Post MortemPablo Larraín, trentaquattrenne regista da Santiago del Cile, ha trovato un assai valido modo per affrontare l’orrore avvenuto nel suo paese (sarà facile sostituirlo con gli orrori perpetrati da qualsiasi dittatura dell’ultimo secolo, in ogni angolo e contesto del globo) evitando di trasformare le sue opere in inermi atti di denuncia: l’atto di denuncia essendo inutile, giacché si può denunciare solo la contravvenzione a qualcosa che potrebbe/dovrebbe tornare a esser la normalità (questa, a sua volta, già compresa e accettata), sposta la sua indagine sulla viralità fatale dell’incubo politico. È così che l’uomo nascosto del popolo, interpretato ancora una volta dopo Tony Manero dal suo feticcio Alfredo Castro, qui «funzionario» all’obitorio, diventa risvolto malaticcio della rovina che gli si sviluppa intorno, volto criminale estraneo quanto contiguo al regime.
L’impassibilità distaccata e il silenzio di Mario Carnejo (Castro) sono la forte sostanza di un film chirurgico. Se da un lato ha modo di stupire nei suoi sviluppi, dall’altro non lascia—soprattutto a chi abbia visto il precedente, del quale può esser considerato una variante—alcun dubbio sulla sua fine: il mondo si sta chiudendo sul silenzioso protagonista, il quale sta per reagire in un dormiveglia incurante di politica e morale, confinandosi in un gretto sogno amoroso che non potrà che finire nel peggiore degli sgabuzzini. Finirà male, eppur nulla continuerà a importare; tanto che, senza palesare nessun cambiamento nel flusso del film, Larraín ci mostra l’effetto finale prima di tornare con un flashback a raccontarcene l’antefatto.

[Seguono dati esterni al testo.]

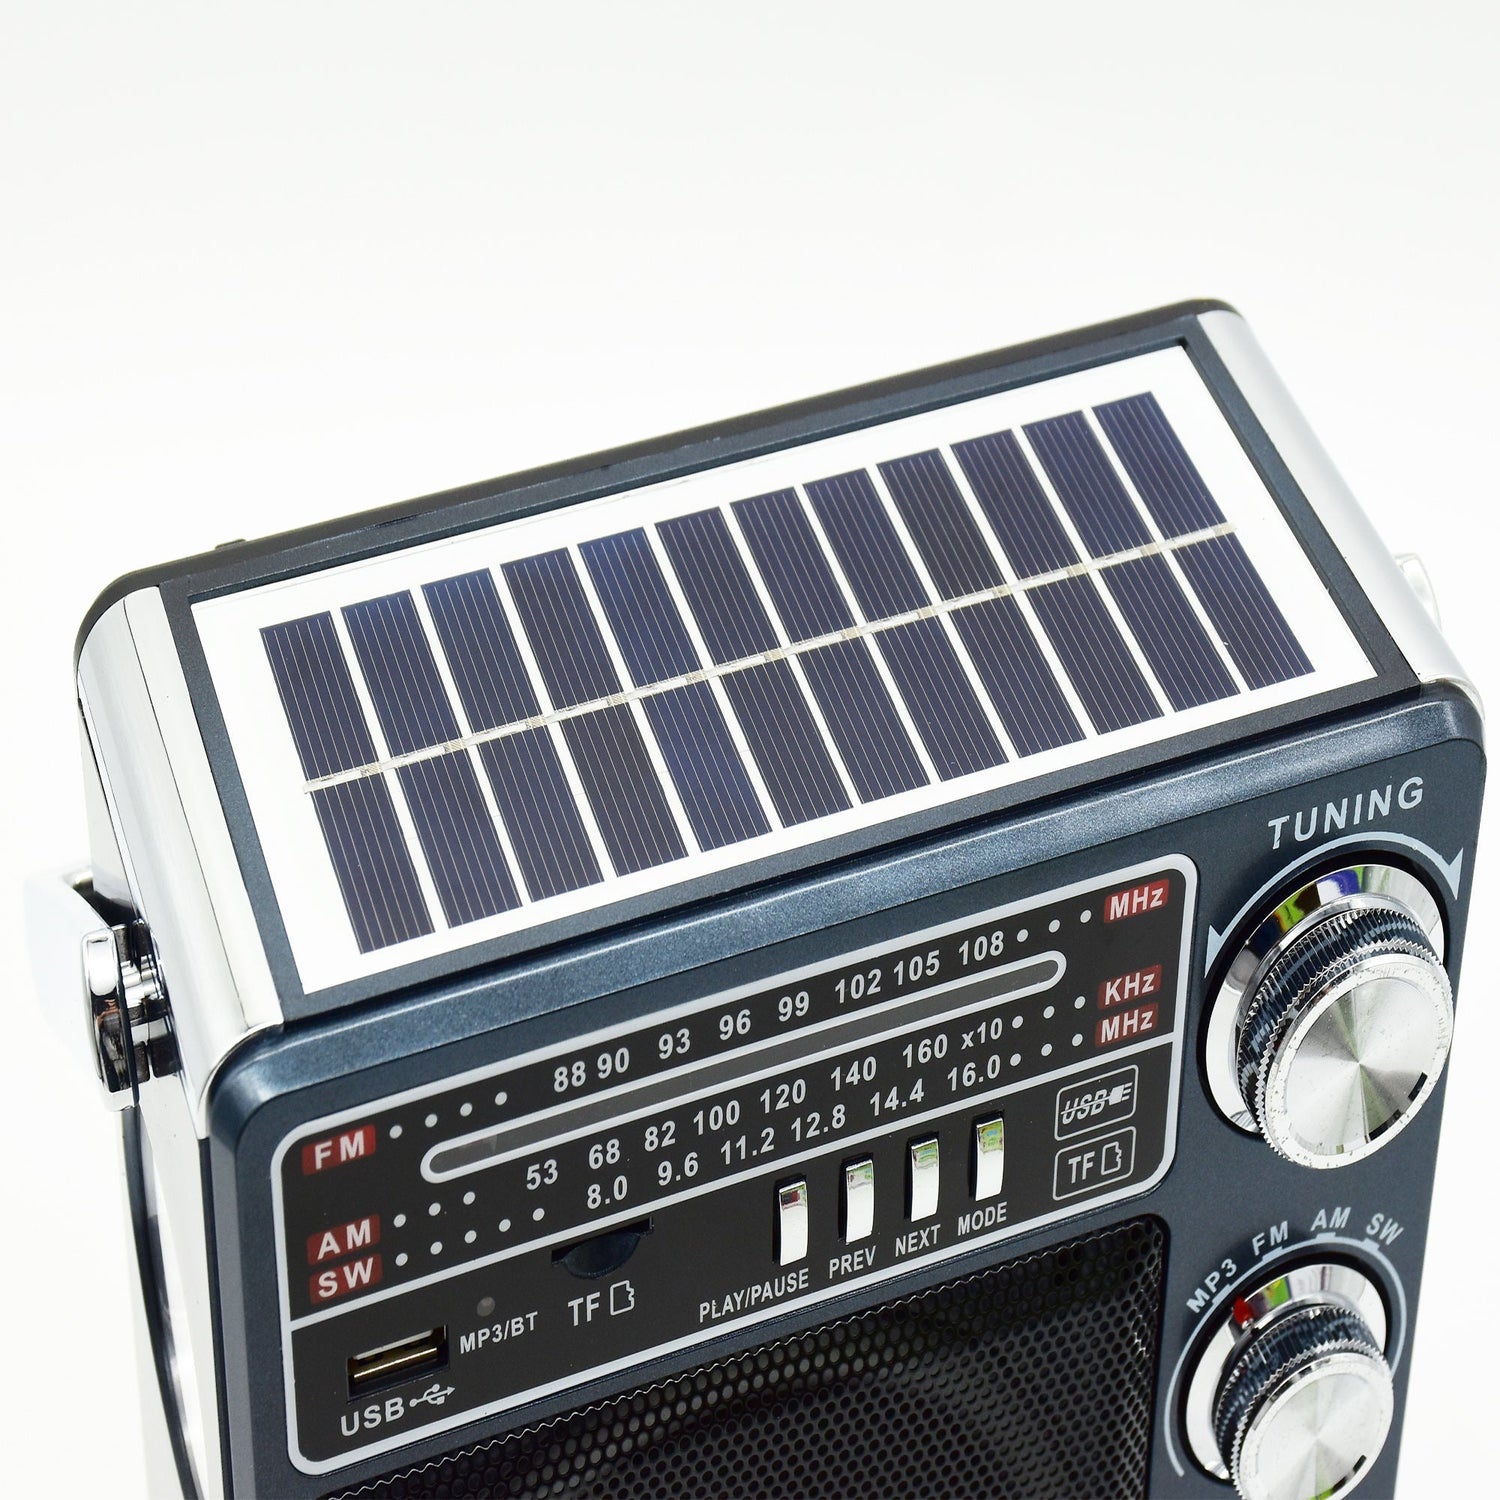 Radio portabil Solar cu panou Fotovoltaic integrat, acumulator intern si baterii, ROTOSONIC, AM, FM, SW

Di questo innesto-sequenza straniante (un cadavere conosciuto, una donna che abbiamo appena incontrato morta in circostanze sulle quali possiamo ancora fare ipotesi) è forse più curiosa la coda: Mario si fa dettare i suoi appunti a mano del referto dell’autopsia, come evidentemente ha sempre fatto, dal fratellino di Nancy (Antonia Zegers) per batterli a macchina, poi paga il bambino e lo abbraccia stretto da un principio di pianto. Non si sa, neppure a posteriori, se rimanere più interdetti dal fatto che Mario si stia facendo dettare l’autopsia dal fratello di Nancy, dal fatto che questo fratello sia solo un bambino oppure dal fatto che intuibilmente da sempre Mario non si è fatto remore a usarlo per farsi dettare certe cose.
Questo frammento di film è più di altri il ritratto di un uomo e di un paese a fondamento dei quali non si ritrova nessun disegno, nessun fine se non un’utilità miope. Il quasi-pianto di Mario rimanda a quello con Nancy, successivo nell’intreccio ma precedente nella fabula, nel quale Mario e Nancy consumano un pasto scoppiando a piangere a tavola: seguirà una scena del rapporto sessuale fra i due ripresa dal punto di vista dell’uomo. C’è quindi abbastanza per provare empatia con Mario/Castro, quanto ce n’è per rimanerne disumanizzati: è un uomo che non ha neanche il coraggio di bruciare la sua libertà e quella degli altri (come invece ha fatto Nancy dando fuoco alla sua casa per far credere di esser morta), ma preferisce farla morire di fame e sete. Non è un bel ritratto e, indipendentemente dal Cile, ci somiglia molto: leggete la cronaca italiana odierna.
Distribuito, meritoriamente, dalla Archibald in sole copie sottotitolate.